Nearly every modern forecasting method uses the squared deviation or its modifications in one form or another, such as the fitness penalty function and the Levenberg–Marquardt algorithm, sometimes combined with stochastic functions, as a method of finding the optimum. Although the algorithm for finding a local or global error minimum solely affects the speed of achieving the result, the fitness penalty function is responsible for its quality. The idea of improving the quality of the forecast by replacing the optimization criterion appeared during the actual forecasting of stock data, when many forecasts of real data turned out to be of insufficient quality despite the low standard error and excellent approximation quality.

The idea of a new quality criterion of residuals

The main criteria for the quality of random residuals, regardless of whether they appeared as a result of multiplicative (Bessel distribution), additive (Gaussian distribution), or mixed effects of random factors, are the actual characteristics reflecting their association with a set of random processes. Such characteristics include, first, the mutual independence of residuals of the time series, the absence of autocorrelation, and plausibility expressed in proximity to the normal distribution (symmetry, pronounced modality, moderate excessivity). Such a synthetic criterion may be multidimensional and expressed geometrically, similar to the RMSE, in terms of volume or hypervolume corresponding to the deviation from the set of ideal values of statistical tests of residuals corresponding to zero values.

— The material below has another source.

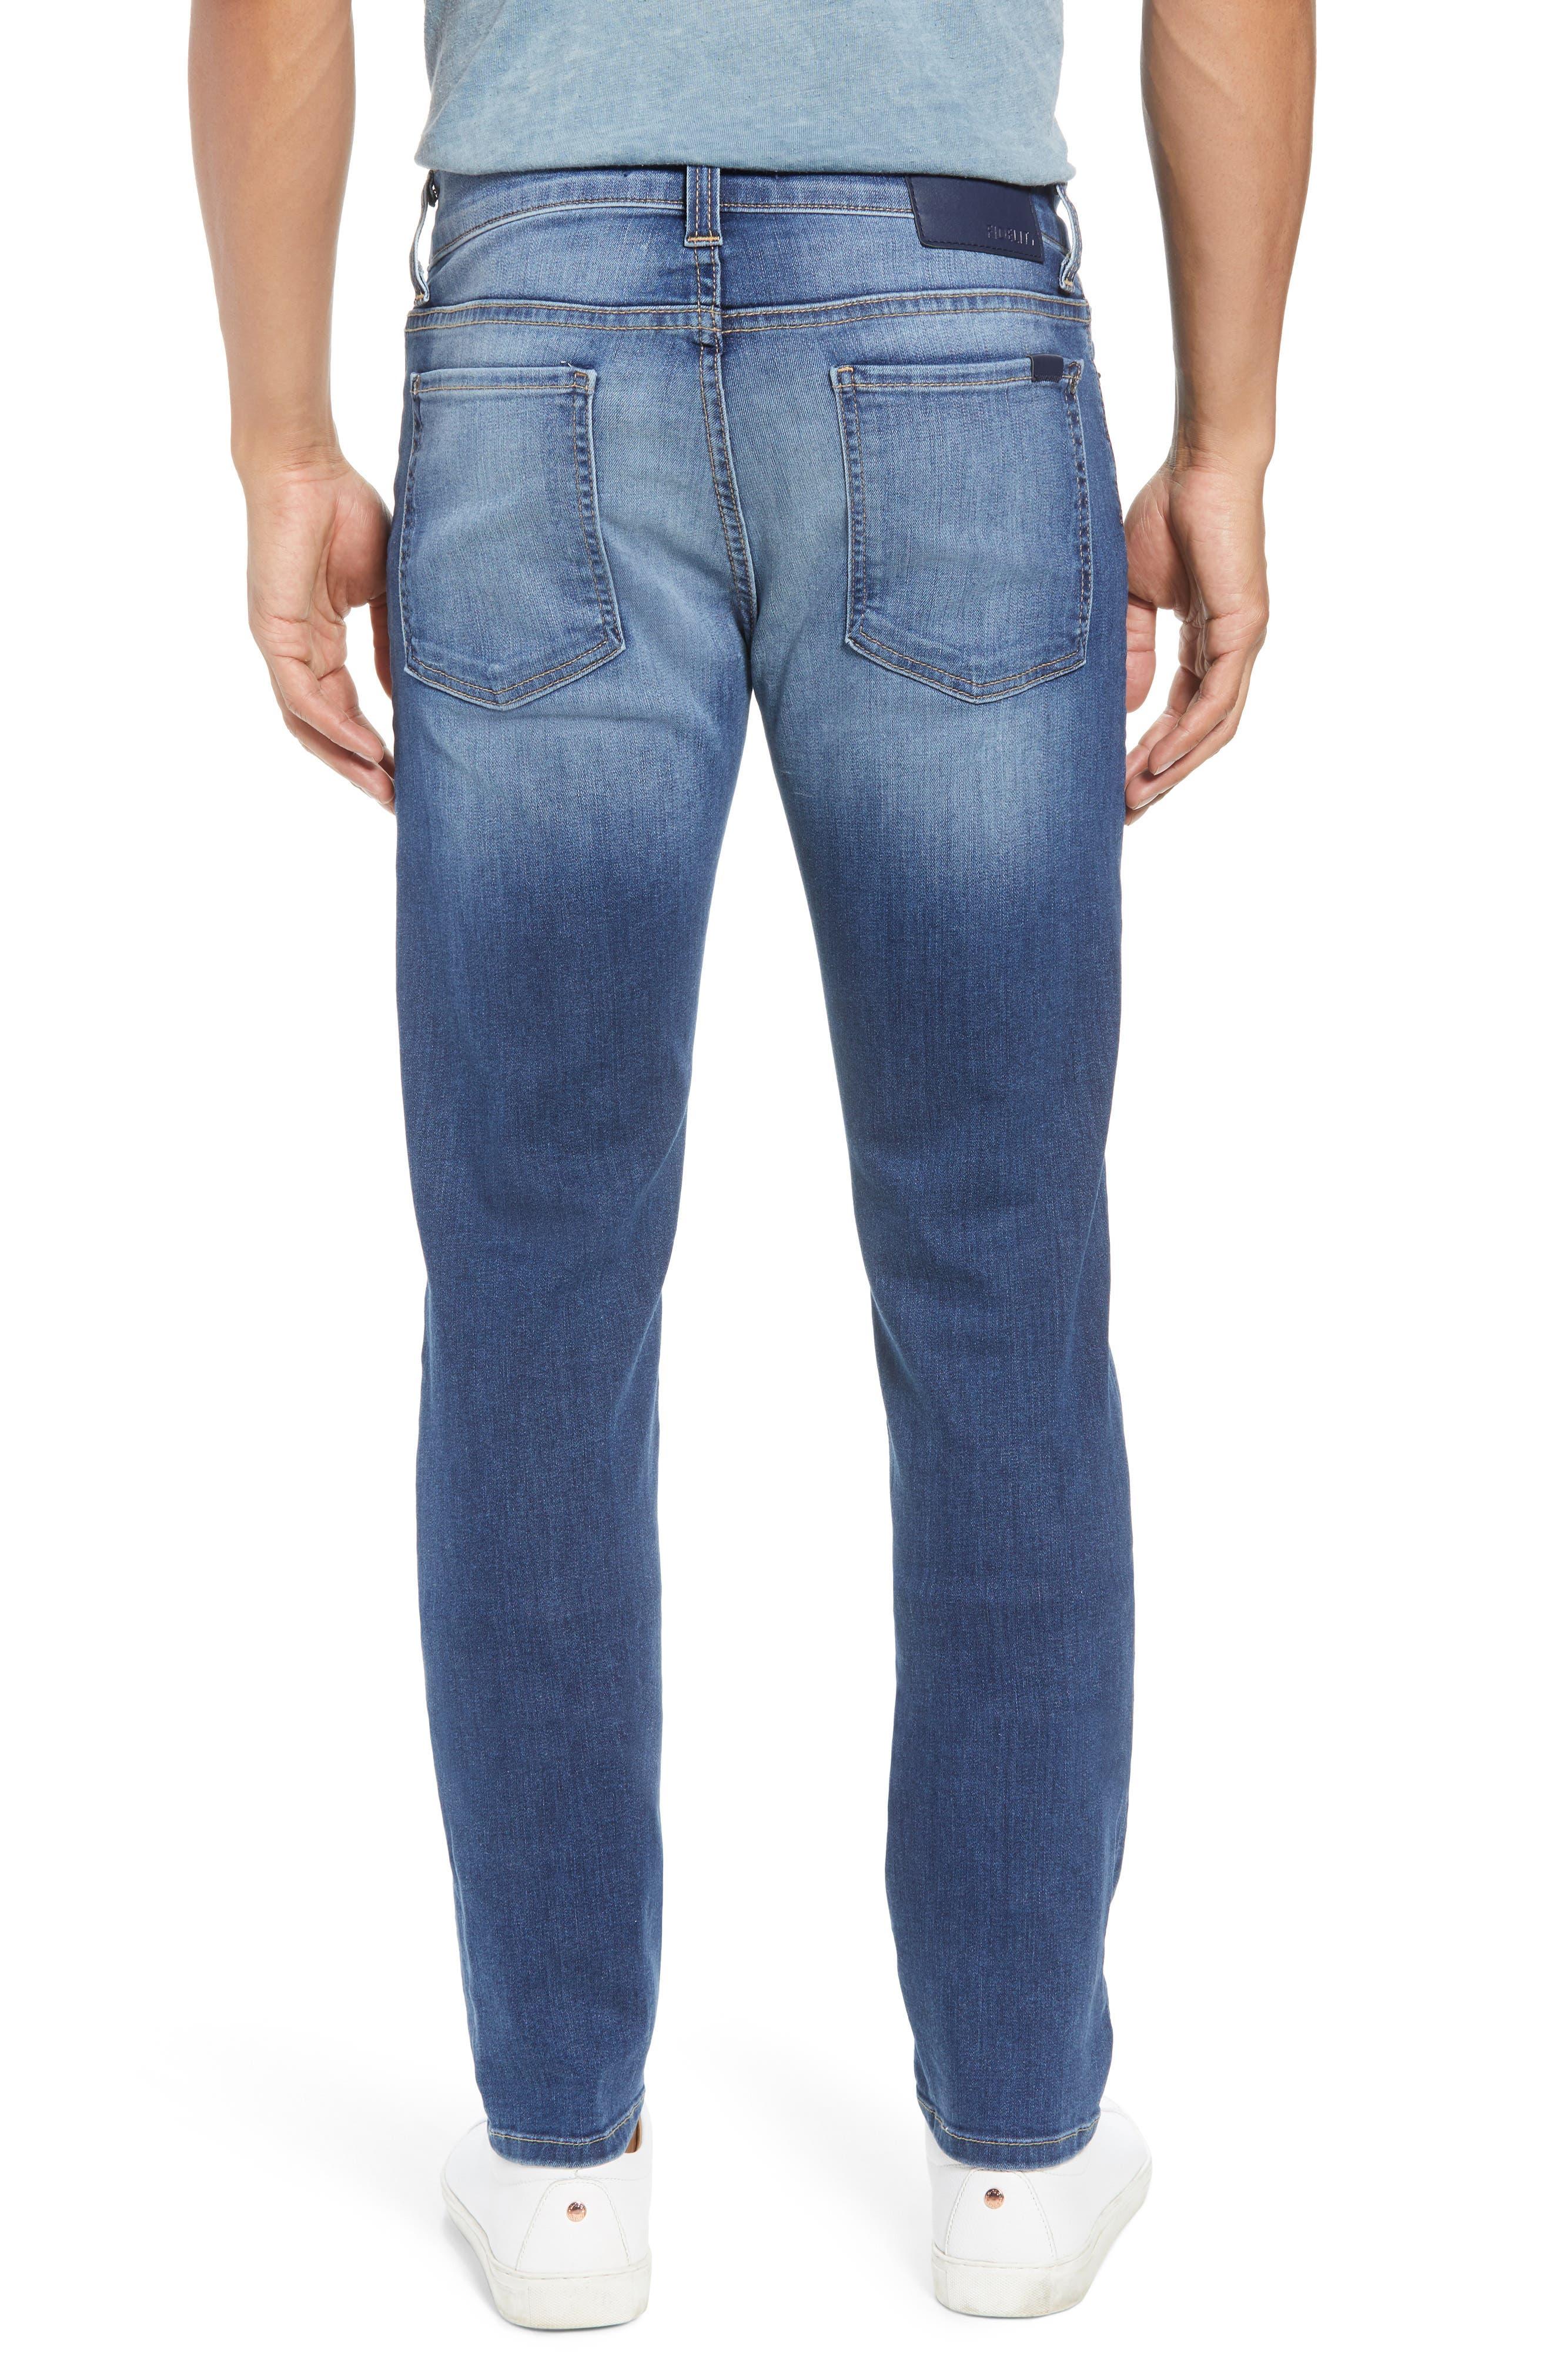 Torino Slim Fit Jeans,                             Alternate thumbnail 2, color,                             Elysium Blue

Mathematical implementation of the penalty function

The following criteria were selected as components of the residual quality measure: the Bienaymé turning point test (Kendall 1973), as a characteristic of the mutual dependence of time series elements; the Durbin–Watson statistic (Durbin and Watson 1950), as a characteristic of the presence of autocorrelation; and the Shapiro–Wilk test (Shapiro and Wilk 1965), as a measure of deviation from normality.

Modified turning point test

A test first described by Bienaymé (1874) and further considered in detail by Kendall (1973) characterizes the presence of connectivity of time series elements. In most of the literature (Brockwell and Davis 2002), as well as in the implementation of statistical software packages, such as R (the turningpoint.test function), counting turning points is a rather slow procedure because it uses two comparison operations and, accordingly, branches for each point. We have developed and first introduced an equation that allows it to speed up this procedure because it does not use comparisons and branches but is based on the properties of the modulus of a number and the sign function (1). This equation contains a single slow operation (division) performed at the end of the calculations and can be optimized for data flow processing. Typically, the total number of turning points of a series, calculated as (1), is estimated only by the left boundary of the criterion, checking for the presence of linear dependencies between the elements of the series. However, the right boundary also characterizes the presence of a connection, but unlike the left boundary, it is periodic. Thus, the necessary components normalized to the optimum corresponding to the zero value can be expressed as (2).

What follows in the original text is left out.